=== DATA ===

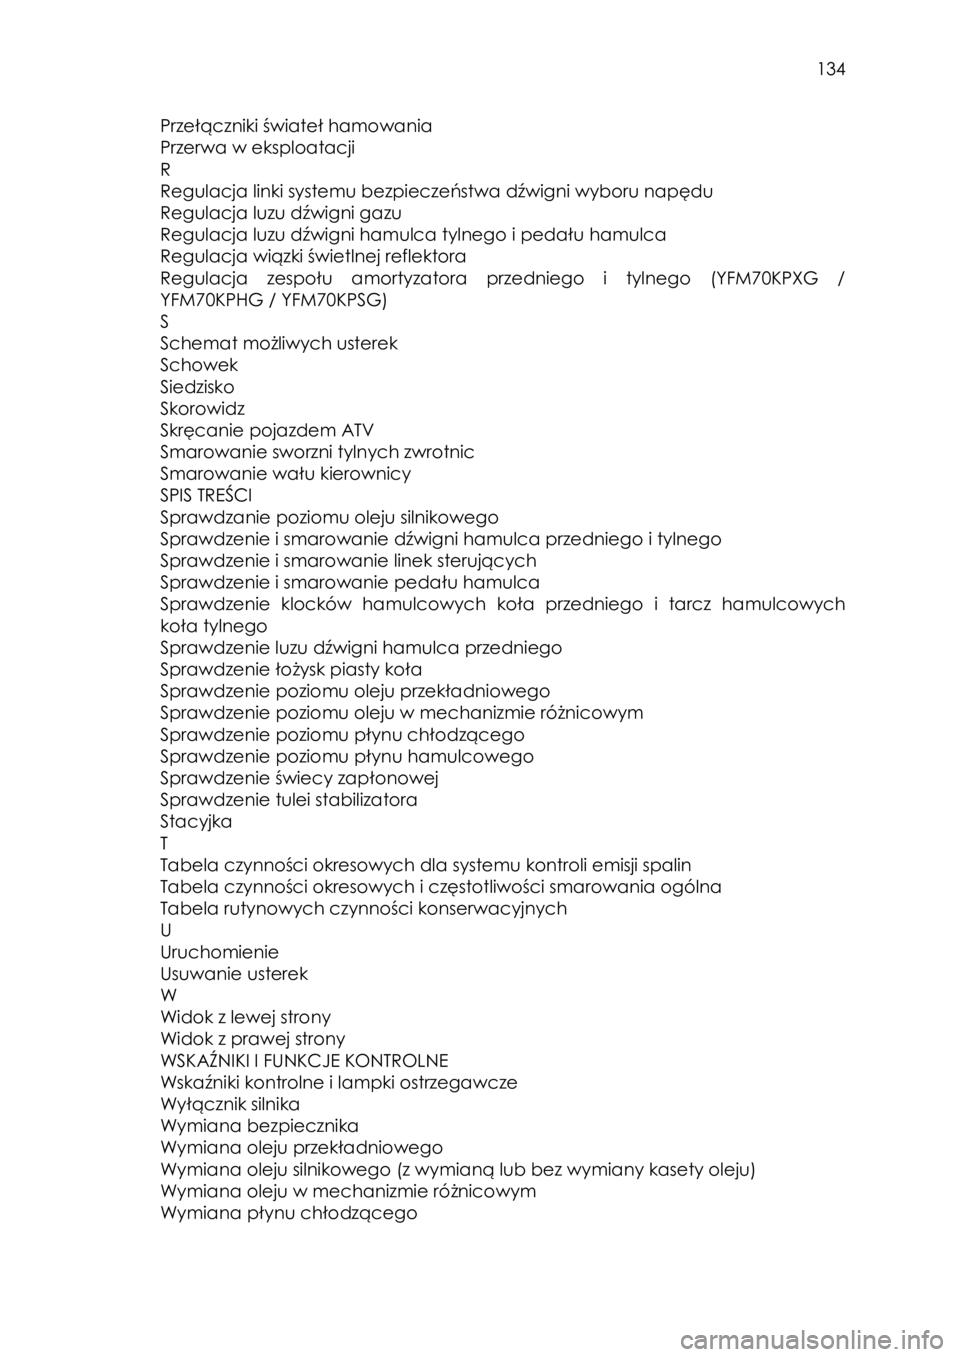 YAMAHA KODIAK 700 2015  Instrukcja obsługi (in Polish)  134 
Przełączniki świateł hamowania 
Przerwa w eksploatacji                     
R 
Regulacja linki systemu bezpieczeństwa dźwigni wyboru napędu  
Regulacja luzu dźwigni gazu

===

[WORK REQUEST]: What lines in the material mention "Regulacja"? Copy every one of them.

[RESPONSE TO THE TASK]:
Regulacja linki systemu bezpieczeństwa dźwigni wyboru napędu  
Regulacja luzu dźwigni gazu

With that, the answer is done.